The input
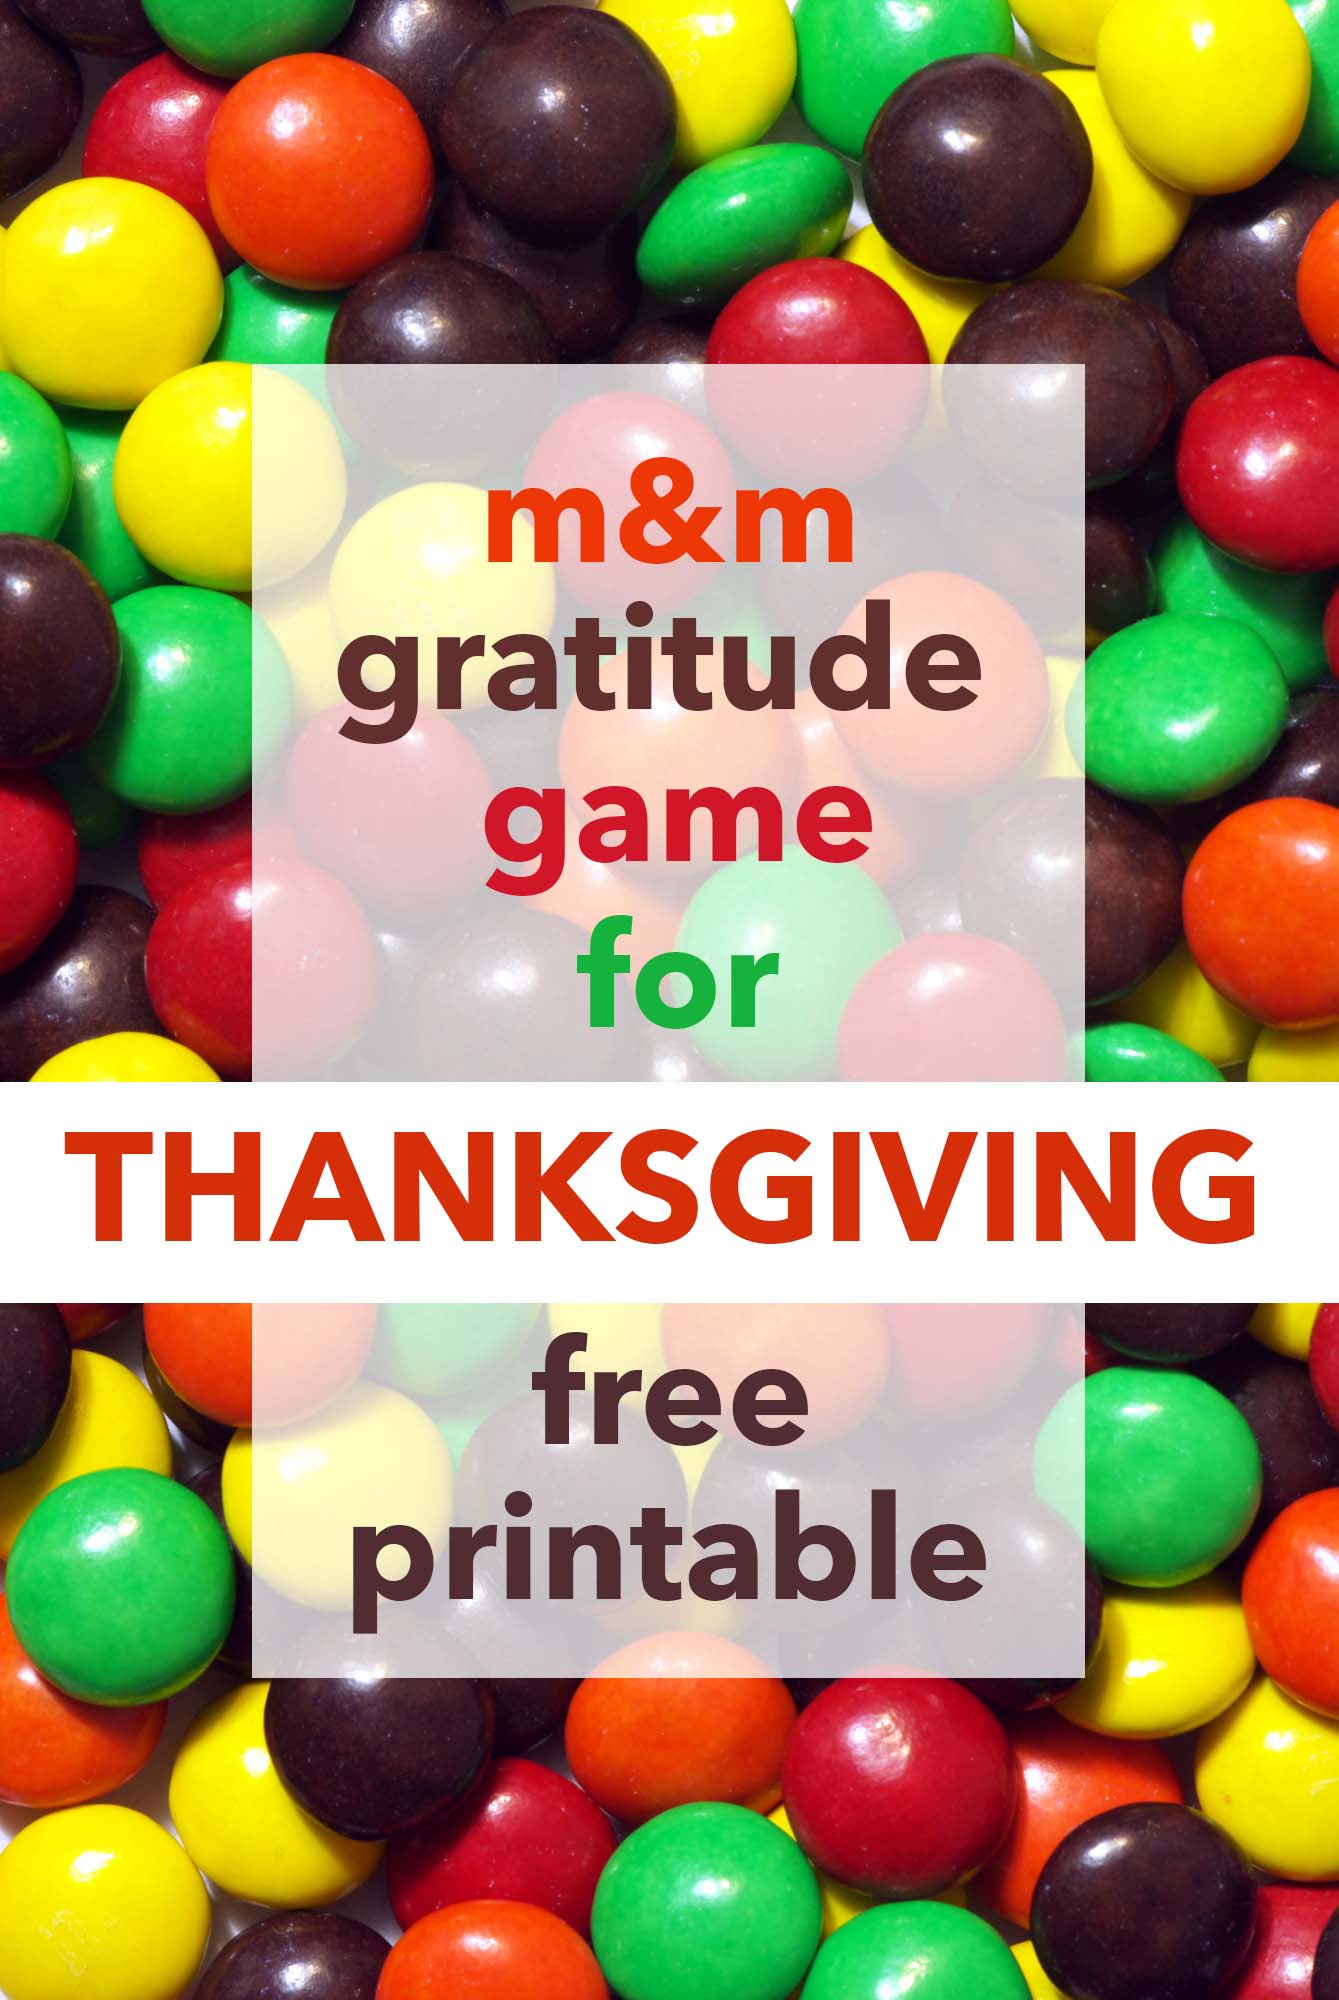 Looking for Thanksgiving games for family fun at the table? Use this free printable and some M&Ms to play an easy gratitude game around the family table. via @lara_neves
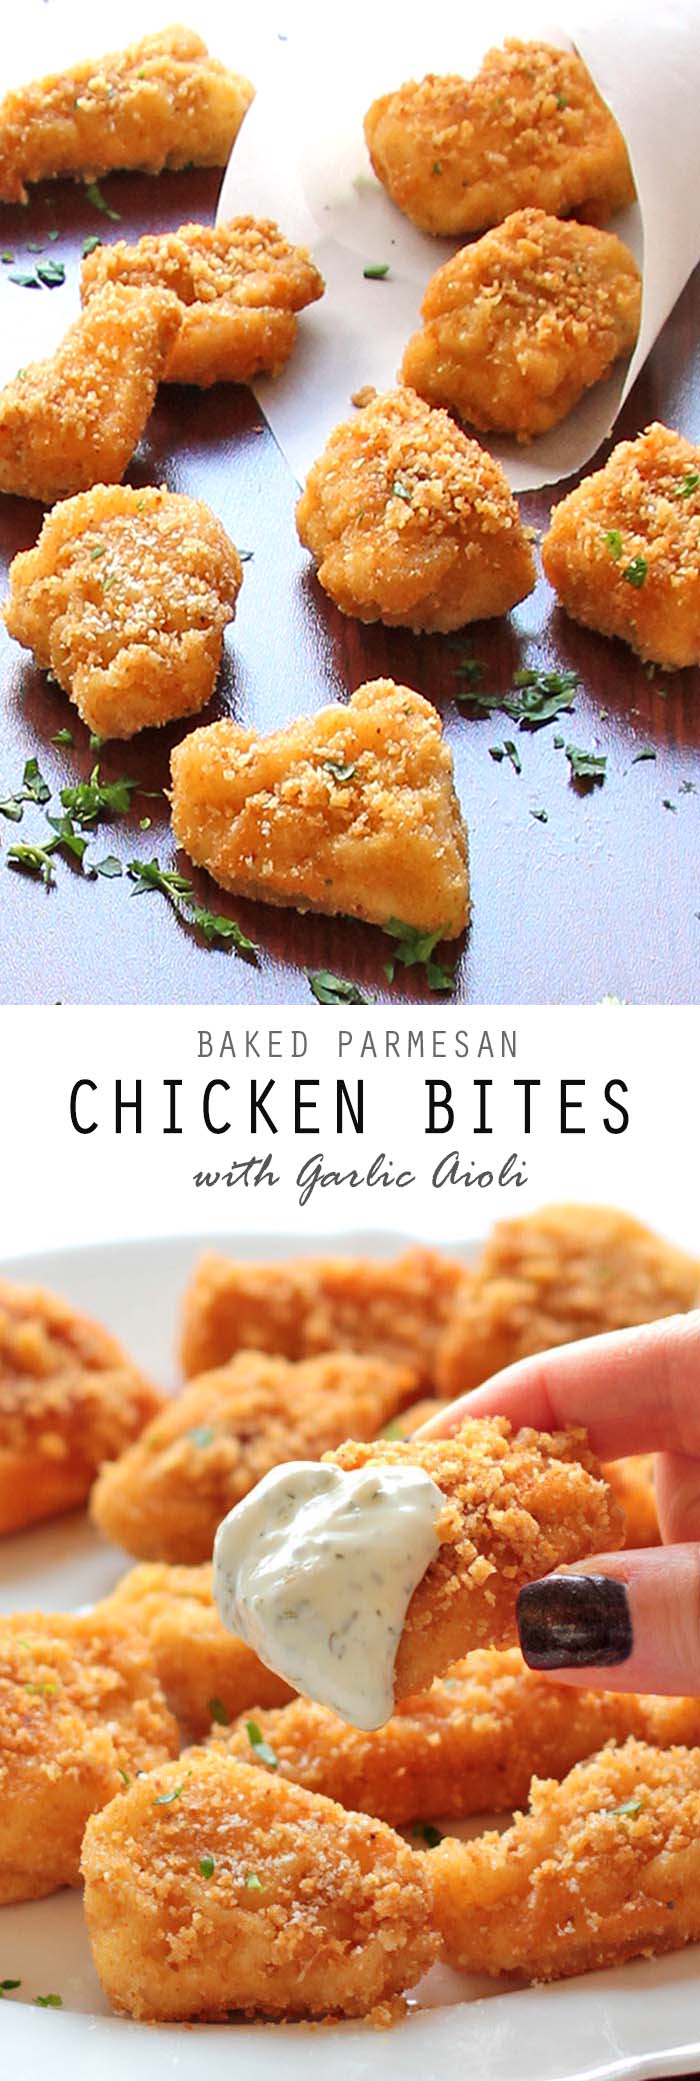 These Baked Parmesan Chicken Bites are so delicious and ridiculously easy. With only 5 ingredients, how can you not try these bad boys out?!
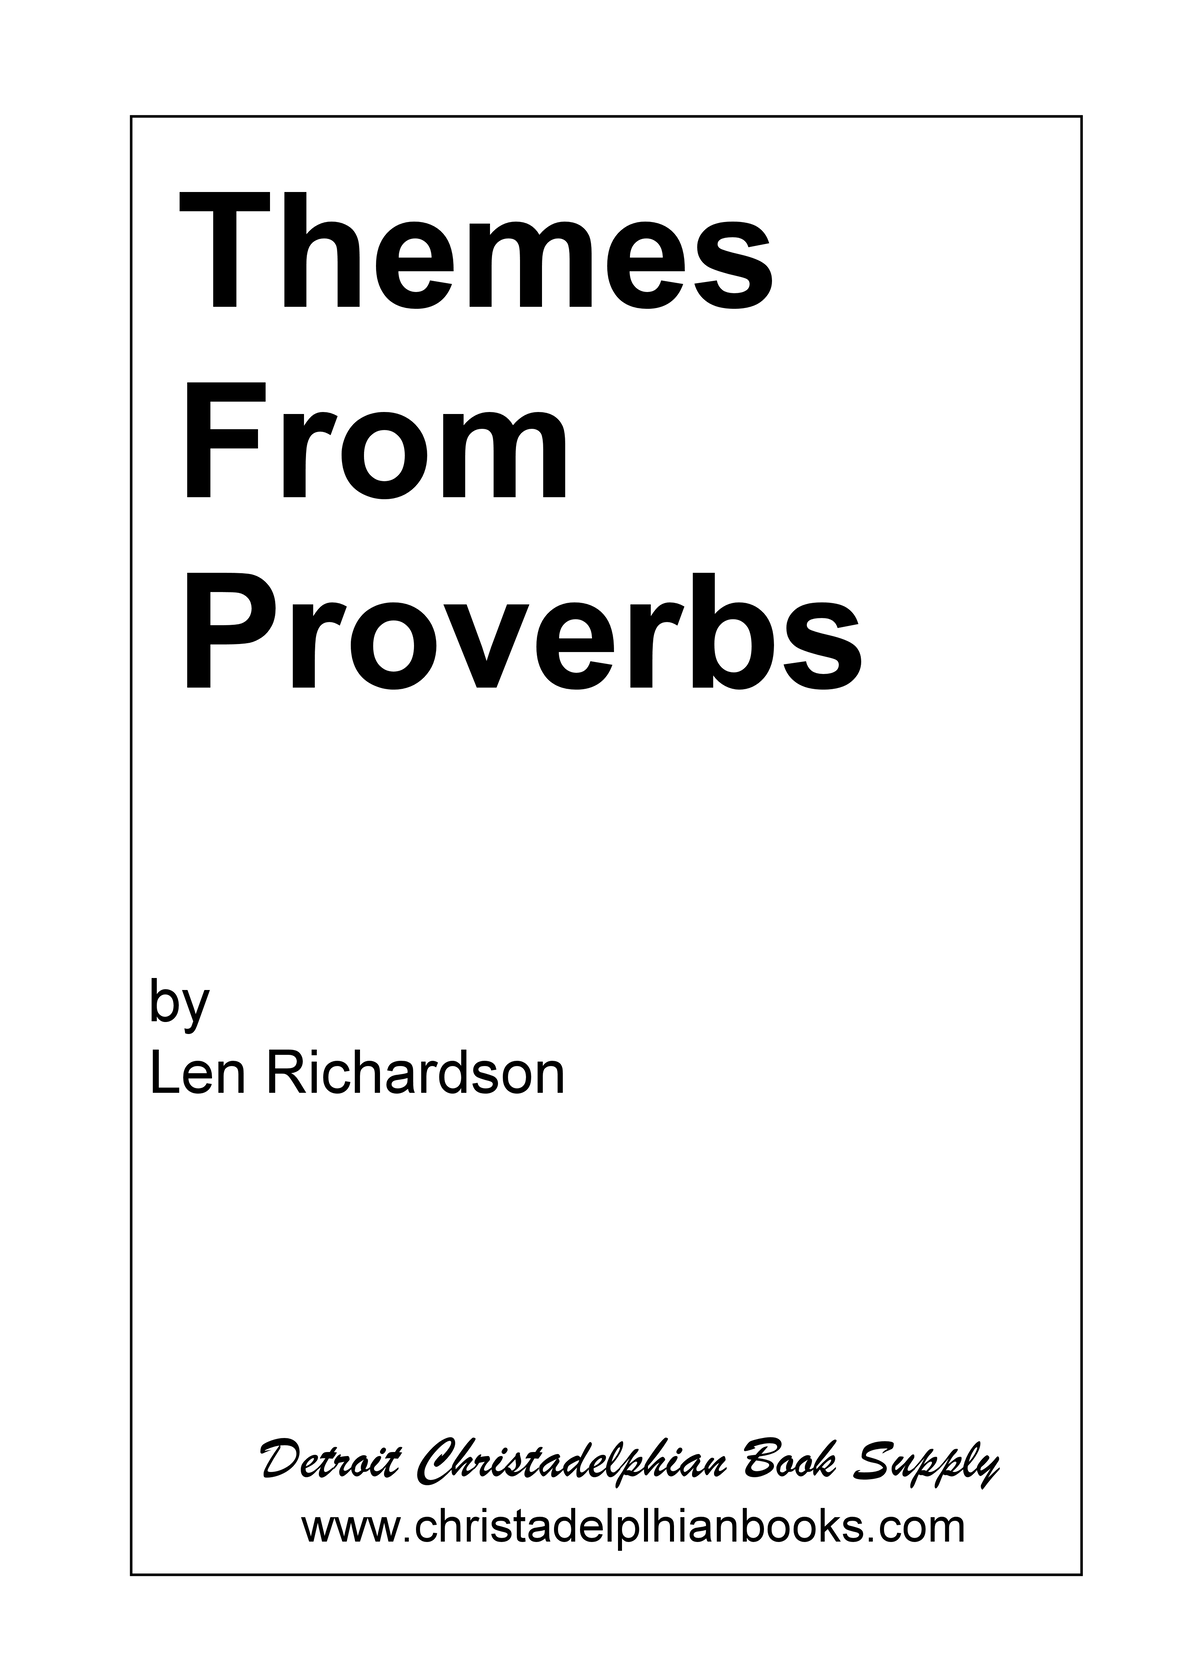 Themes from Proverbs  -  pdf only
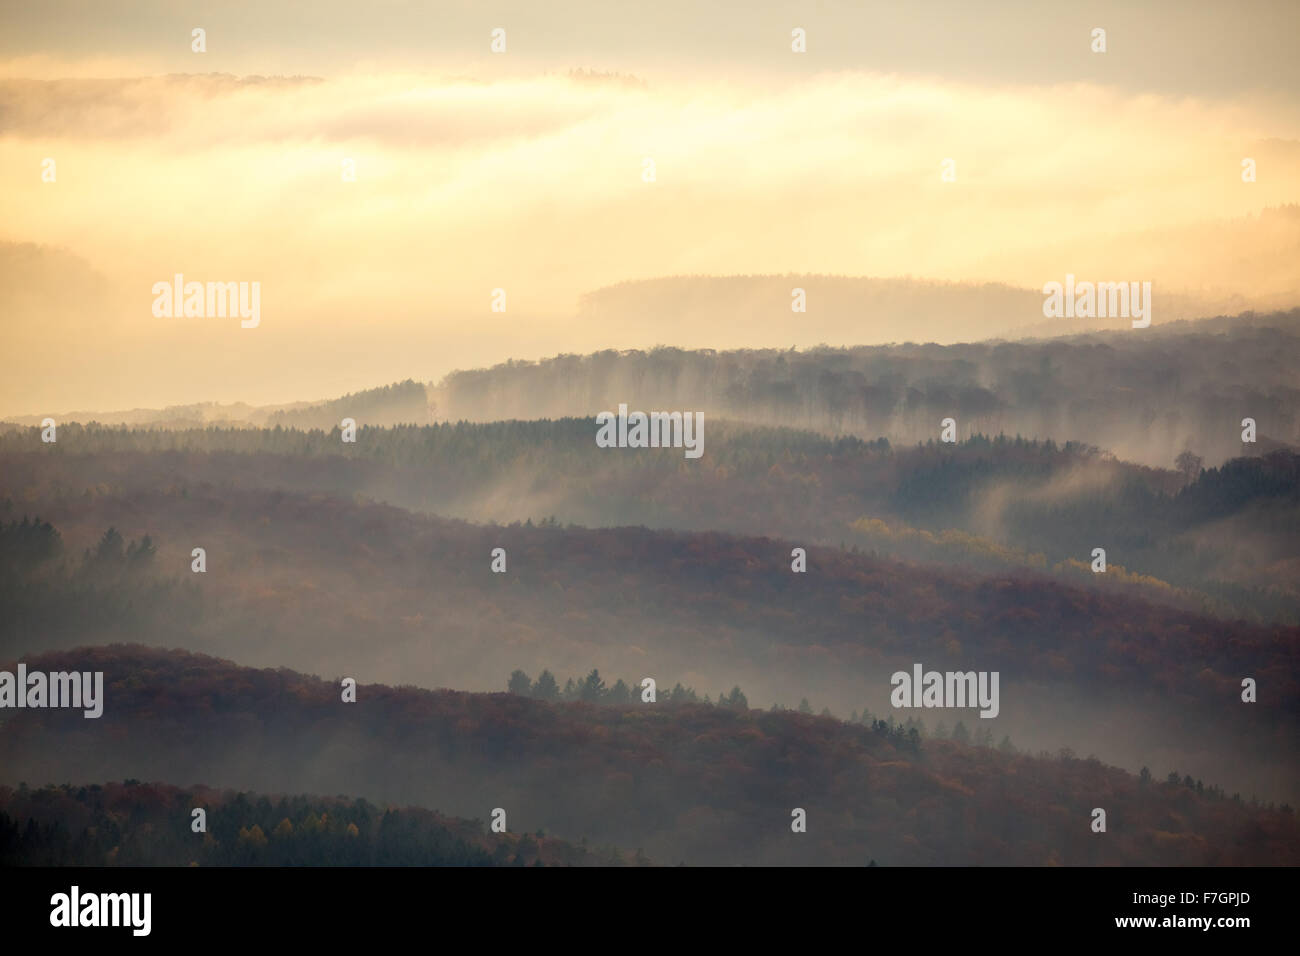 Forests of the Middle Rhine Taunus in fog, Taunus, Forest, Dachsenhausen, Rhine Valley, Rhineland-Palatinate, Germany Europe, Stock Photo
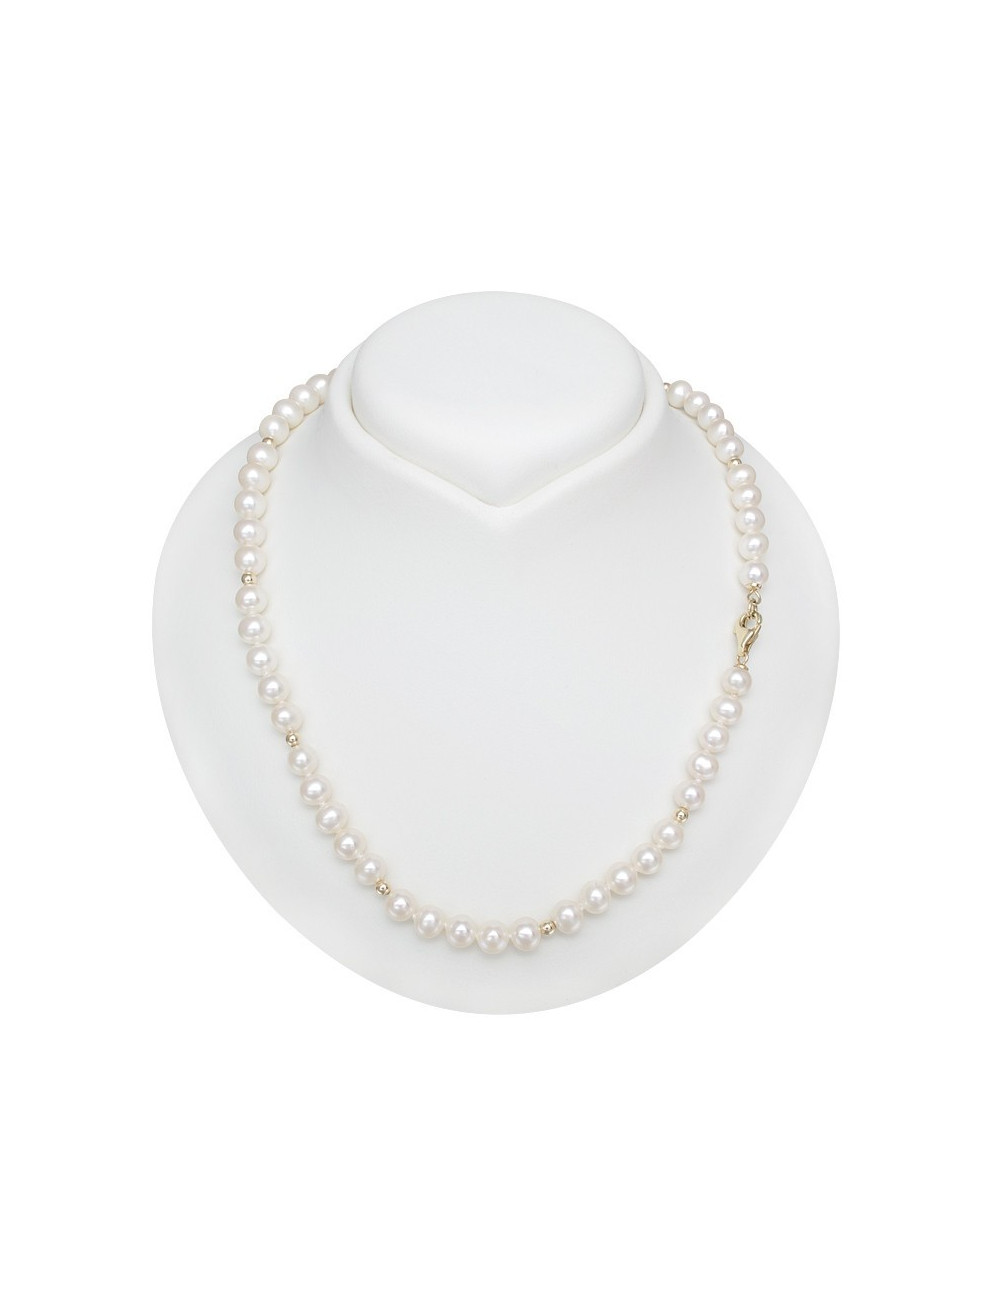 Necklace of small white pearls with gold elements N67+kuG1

Work to be completed
Output nothing but the entries above, exactly, once the pictures are removed.

Output of the exercise
 Looking for Thanksgiving games for family fun at the table? Use this free printable and some M&Ms to play an easy gratitude game around the family table. via @lara_neves
 These Baked Parmesan Chicken Bites are so delicious and ridiculously easy. With only 5 ingredients, how can you not try these bad boys out?!
 Themes from Proverbs  -  pdf only
 Forests of the Middle Rhine Taunus in fog, Taunus, Forest, Dachsenhausen, Rhine Valley, Rhineland-Palatinate, Germany Europe, Stock Photo
 Necklace of small white pearls with gold elements N67+kuG1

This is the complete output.